Если память твоя простирается так далеко назад, ты вспомнишь маленького рыжеватого мальчика* почти четвертьвековой давности в типографии в Ганнибале, над аптекой Бриттингема, взгромоздившегося на ящичек у шрифтовой кассы, дымящего огромной сигарой или крошечной трубкой, который так любил напевать слова бедного пьяницы, якобы упавшего у дороги: «Если я встану еще хоть раз, я на ногах останусь — коль смогу»... Помнишь ли ты те серьезные стычки, в которые твой любящий пошутить мозг втягивал тебя с этим крошечным созданием Уэйлсом Маккормиком — как ты призывал меня подержать твою сигару или трубку, пока ты расправляешься с ним?

* Цвет волос Марка Твена в ранние годы называли то рыжим, то черным, то каштановым. На самом деле они были, как утверждал Макмюрри, «рыжеватыми» в детстве, со временем приобретая тот насыщенный махагоновый оттенок, который называют золотисто-каштановым.
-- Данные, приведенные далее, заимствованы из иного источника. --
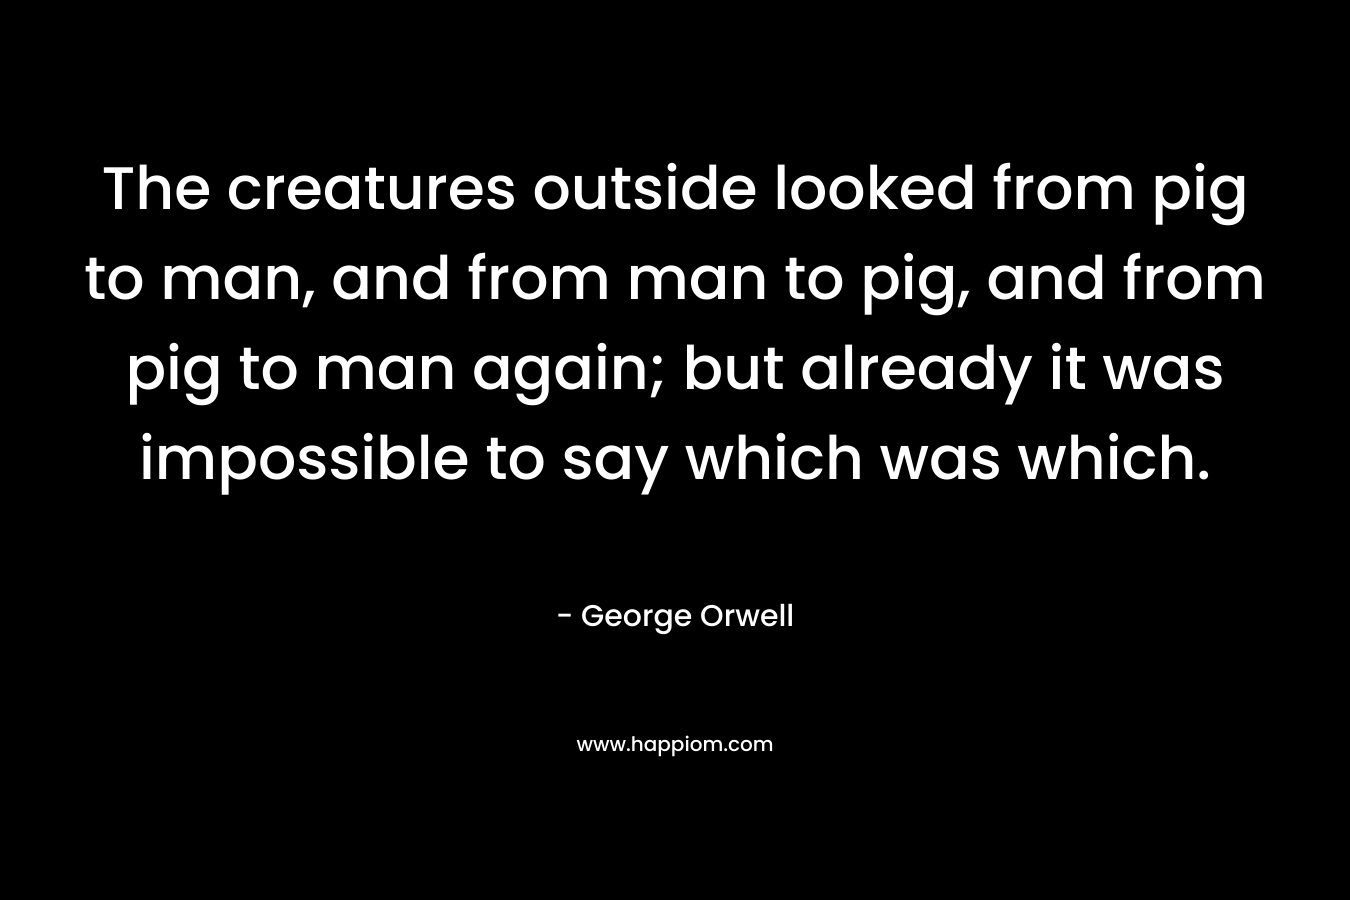 The creatures outside looked from pig to man, and from man to pig, and from pig to man again; but already it was impossible to say which was which.

Это, вне всякого сомнения, ценное свидетельство. Проработав у Амента чуть больше года, Сэм стал любимцем конторы и главной опорой. Всё, что требовало сообразительности, аккуратности и воображения, поручалось Сэму Клеменсу. Он мог набирать текст так же точно и почти так же быстро, как Пет Макмюрри; он умел смывать шрифтовые табели гораздо лучше Пета; и он мог запускать акцидентный печатный станок под мелодию «Annie Laurie» или «Along the Beach at Rockaway», не пропустив ни единого удара и не прищемив пальца. Иногда в свободные минуты он «набирал» какую-нибудь популярную песню или любимое стихотворение вроде «Девушки с ежевикой» и рассылками этих оттисков на ситце и даже на обрезках шелка радовал любимых подружек; а также Пусс Куарлес на ферме своего дяди, куда он теперь выбирался редко, поскольку уже действительно повзрослел, общался с мужчинами и выполнял мужскую работу. Он отвечал за распространение — иными словами, разносил газеты. В последний год Мексиканской войны, когда телеграфная линия протянулась через Миссисипи в Ганнибал — длинный провисший пролет, который по какой-то причине не обрывался под собственным весом, — ему поручили разнос экстренных выпусков с вестями с фронта; и пламенеющая важность его миссии, принесение горячих вестей с полей сражений, побуждала его к стараниям, заслужившим аплодисменты и успех.

Он стал своего рода младшим редактором. Когда полосы газеты были готовы к верстке и Аменту требовалось раздобыть побольше материалов, именно Сэма отправляли на поиски этой довольно непредсказуемой и неуловимой персоны, чтобы возиться с ним до тех пор, пока не будет подготовлен нужный текст. Именно так он увидел рождение литературы.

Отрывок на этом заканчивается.